= Esra Işık =

Turkish environmental activist (born 1999)

Esra Işık (born c. 1999) is a Turkish human rights activist. She is known for her campaigns against coal mining in the Akbelen Forest, as well as the expropriation of agricultural land and olive groves for industrial projects.

== Biography ==
Işık was born and raised in İkizköy, a neighbourhood in Milas, Muğla Province, Turkey. She is the daughter of the neighbourhood's community leader, Nejla Işık. In 2019, she began campaigning against the Turkish government's decision to cut down olive groves near her home to make way for coal mining.

In 2023, Işık became the spokesperson for an environmental agency during disputes over the clearing of the Akbelen Forest for the purpose of coal mining. She became a face of the long-standing Akbelen community resistance, which she has described as the struggle for "land, water, production, and the survival of the villages". Işık campaigned to protect forests, fields and water sources from the impact of coal mining. In October 2023, Işık led a renewed vigil of community members after their previous vigil location and protest camp was cleared by Turkish officials.

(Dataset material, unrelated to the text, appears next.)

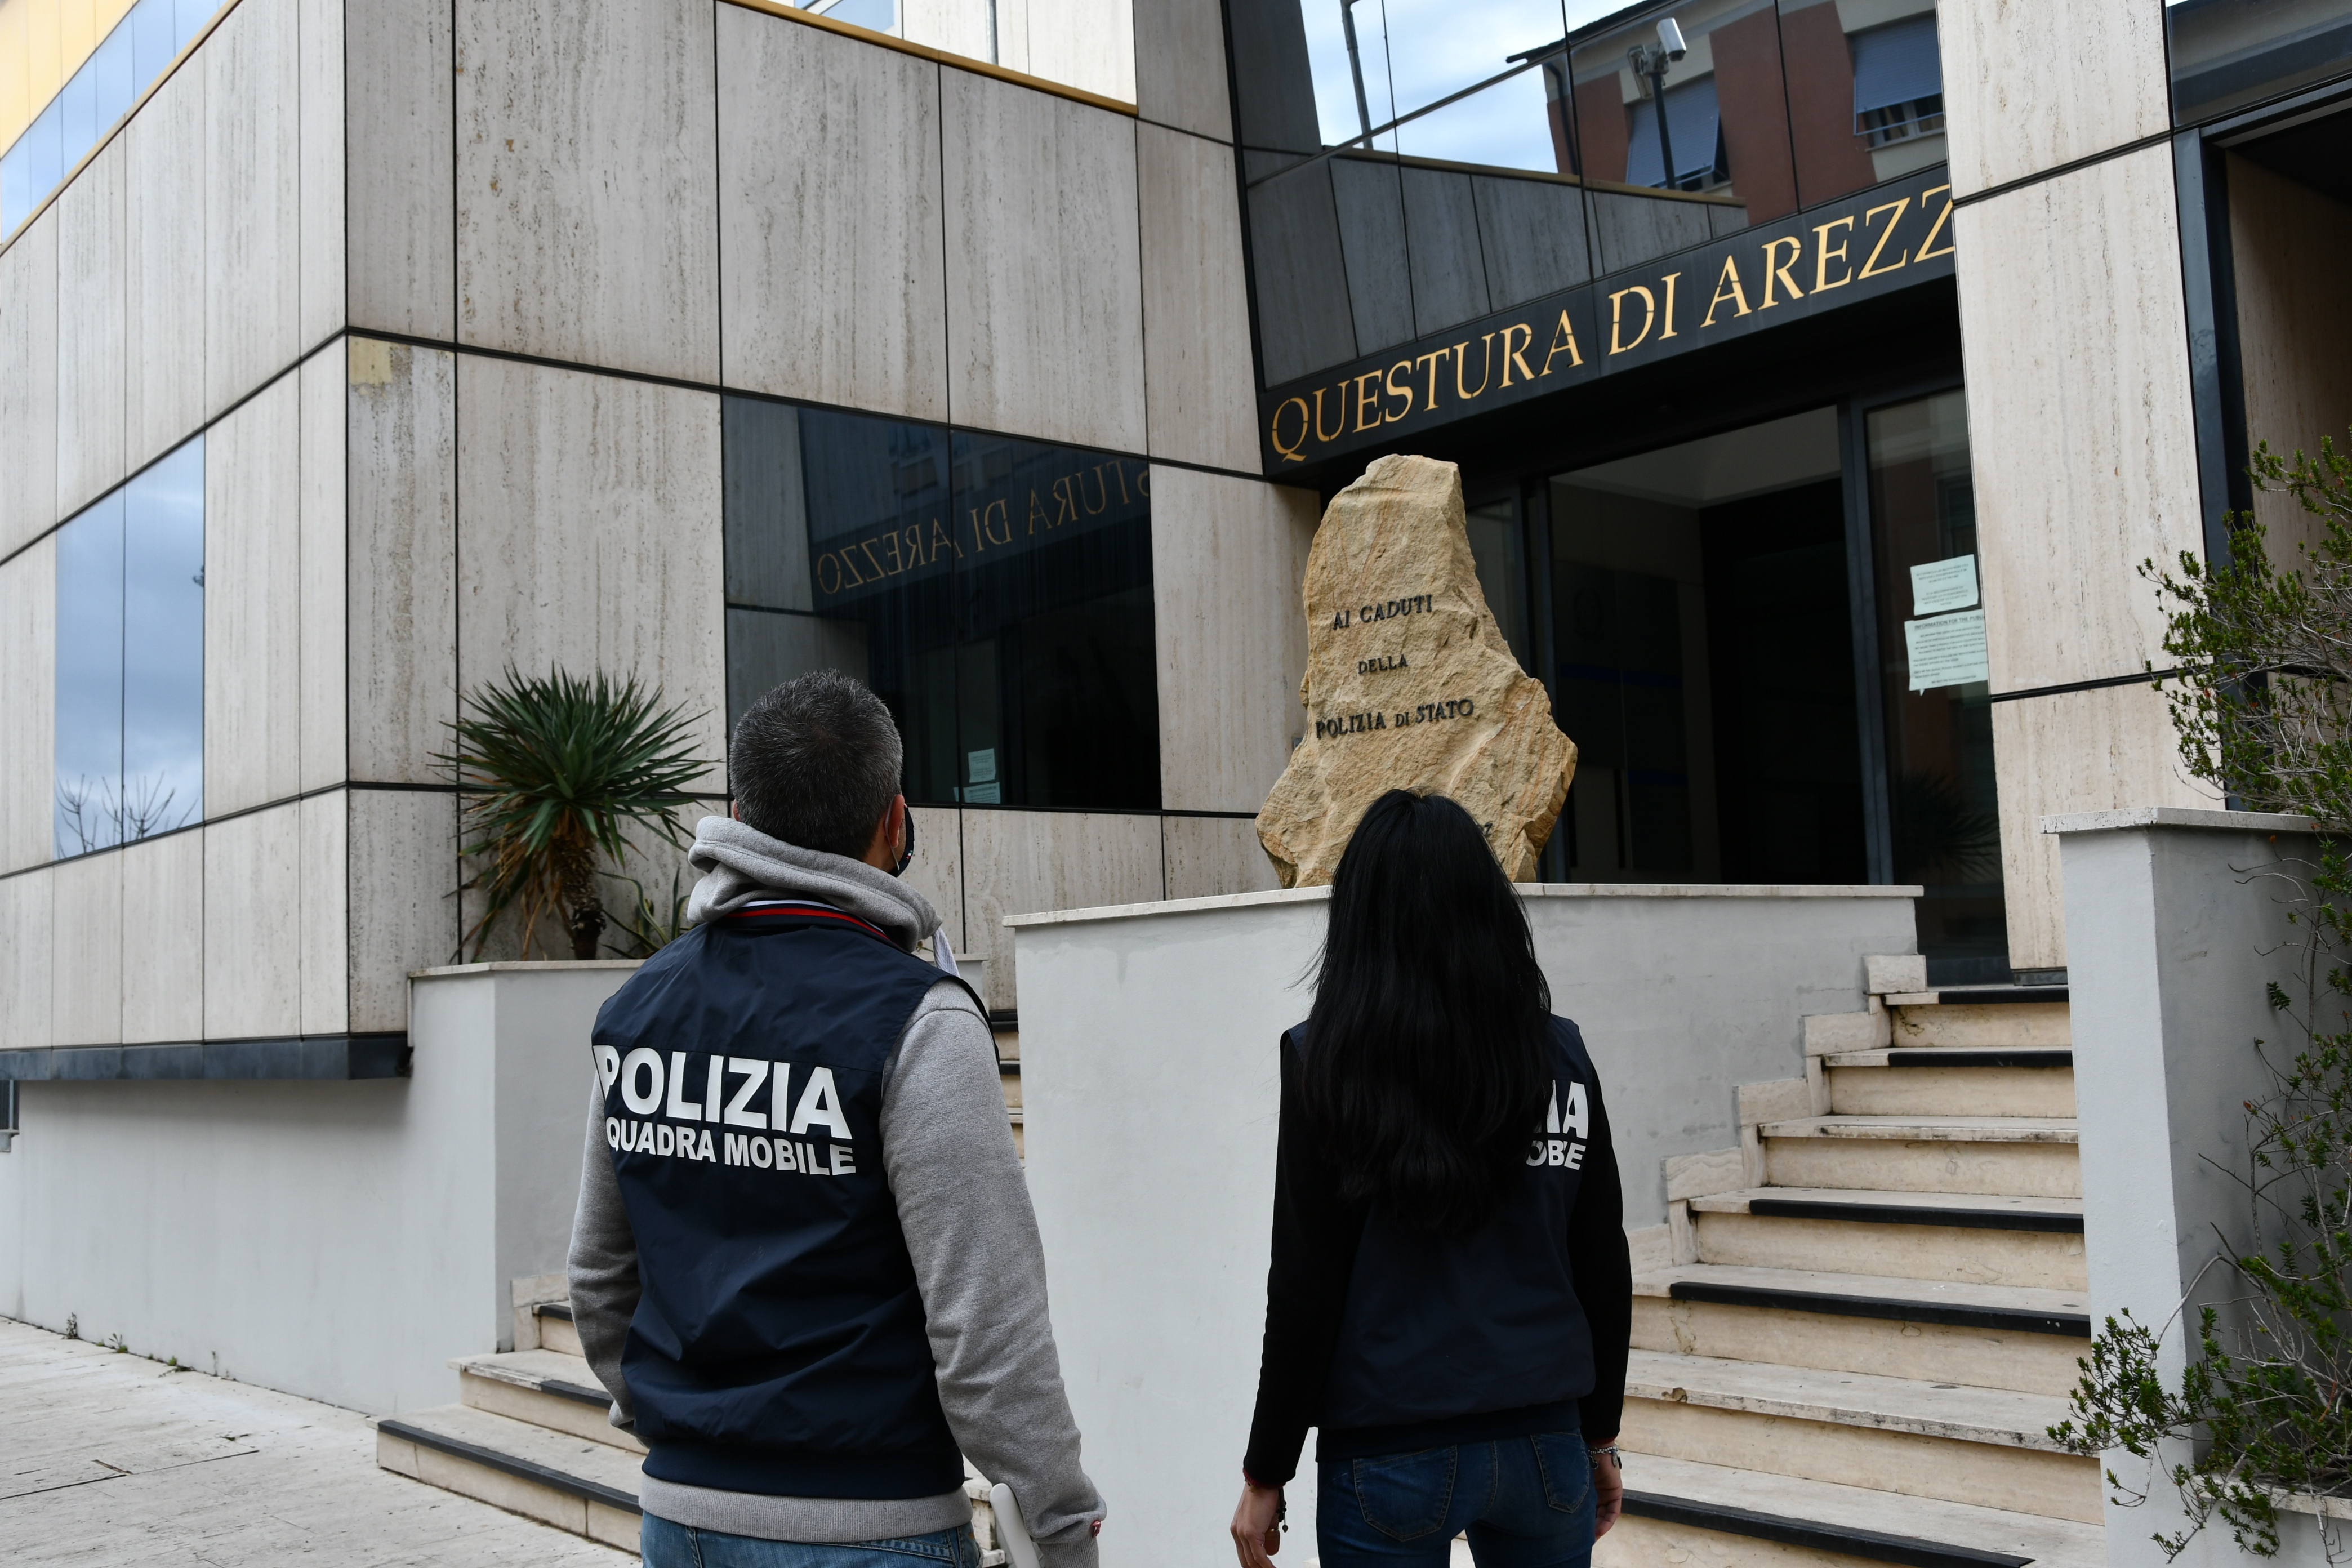 VIOLENZA SULLE DONNE: la Polizia di Stato arresta cittadino albanese clandestino autore di aggressioni fisiche contro la ex compagna e verso gli stessi agenti che sono intervenuti in suo aiuto.

On 31 March 2026, Işık was arrested after leading protests during a court-ordered site visit as part of expropriation proceedings, during which she got into a verbal dispute with an official attempting to survey the land; she was later remanded in pre-trial custody. She faced charges of "insulting" and "resisting the orders of a public official"; her lawyer argued that Işık was not aware that the individual was an official and denied allegations that she had physically obstructed them.

As a result of Işık's arrest, a joint statement by 241 civil society groups called for her release. On 1 April 2026, rallies in support of Işık took place in Istanbul, Izmir, Ankara, Çanakkale and Muğla. In April 2026, trade unionist Başaran Aksu and trainee lawyer Doğukan Akan were briefly detained on charges of disseminating misleading information after publicly supporting Işık on social media.

In April 2026, Işık's appeal against her detention was unsuccessful, and in July she was sentenced to 2 years and 1 month imprisonment.